If the thought of a new Clint Eastwood picture scripted by Nick Schenk makes you bristle at the prospect of sitting through yet another critically-hyped film about an irascible old white guy muttering his mildly racist and homophobic thoughts and audibly growling at what passes for culture in anyone under the age of 65, fear not. Cry Macho is not part three in an Eastwood/Schenk trilogy about old dudes who delight us because they are so charmingly out-of-date. But I really wish it were.
As a die-hard Eastwood fan, I revel at the fact that at 91, the director, producer, and star is still directing, producing and starring in major Hollywood movies. He seems to have been making one-last-picture ever since his greatest achievement, Unforgiven (1992), which was seen by many as his farewell to the western genre that made him a star. After the success of Million Dollar Baby (2004), Eastwood indicated that it might be time for him to retire from acting, though he had no intention of putting himself out to pasture as a filmmaker. When he won his second Oscar for directing that film, he noted that fellow honoree Sidney Lumet was still directing at eighty and joked, “I’m just a kid, I’ve got a lot left to do.”
Indeed, he’s directed and/or produced fifteen feature films since then—eight of them, in my opinion, quite good. In 2008 he came out of acting retirement when he discovered Schenk’s script for Gran Torino, thinking that it might be a good last starring role for himself. Then in 2012, when his long time assistant director Robert Lorenz wanted to make the jump to the director’s chair, he agreed to star in and produce Lorenz’s Trouble with the Curve, a trifling but still entertaining Hollywood sports-movie that takes full advantage of Eastwood’s screen persona. The huge success of films like Gran Torino, Letters from Iwo Jima, and American Sniper proved that Eastwood could still deliver and his loyal audience would continue to show up. He returned to acting again in another Schenk’s script, The Mule (2018); not half as good a film as Gran Torino, but still a modest hit. Now Eastwood is back in the saddle, literally, for what seems like it might really be his final starring role.

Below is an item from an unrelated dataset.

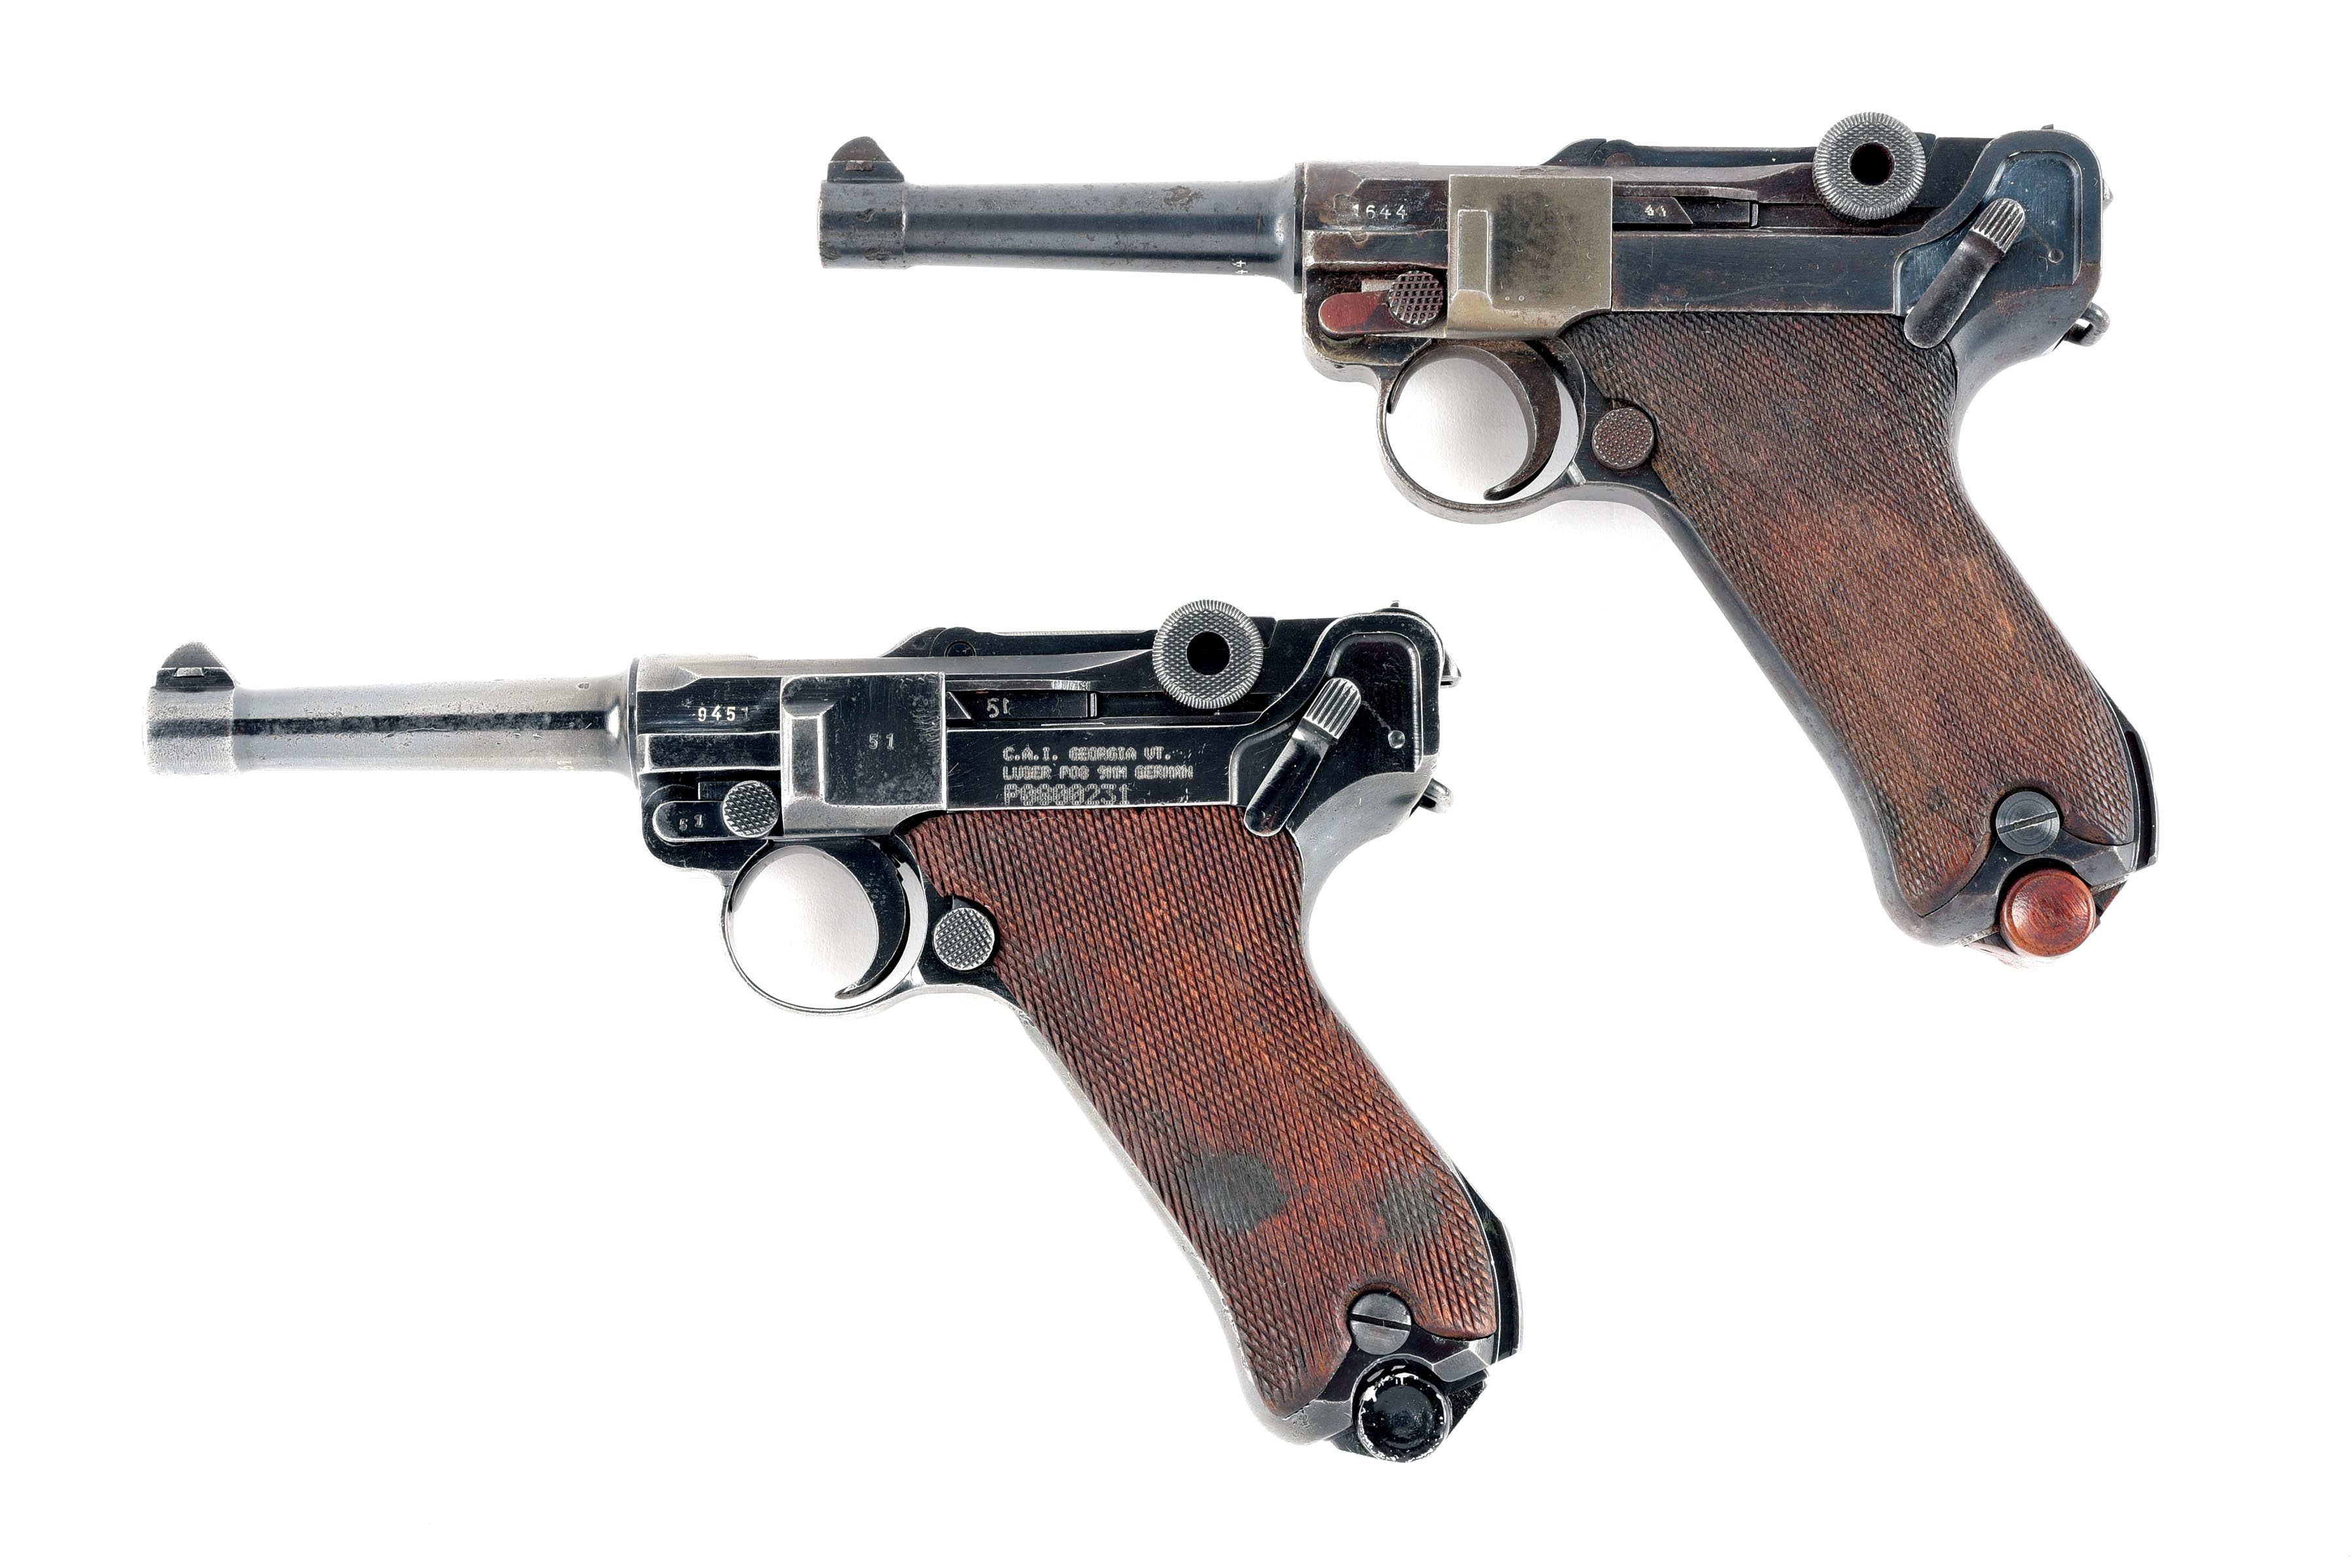 C Lot Of 2 A Dwm And B Mauser P08 Luger Semi Automatic Pistols Auctions And Price Archive 1704

Cry Macho is a neo-western set in the late ‘70s—which is around the time Eastwood first considered making a film of N. Richard Nash’s 1975 novel but felt he was too young at the time to play the lead role. The story follows a retired Texas rodeo star named Mike Milo (Eastwood) whose former boss Howard Polk (Dwight Yoakam) hires him to travel to Mexico City and bring back Howard's 13-year-old son, Rafo (Eduardo Minett). Milo locates the troubled youth without too much difficulty and they begin a slow journey back across the border, dodging the federales and henchmen sent by Rafo’s mother Leta (Fernanda Urrejola).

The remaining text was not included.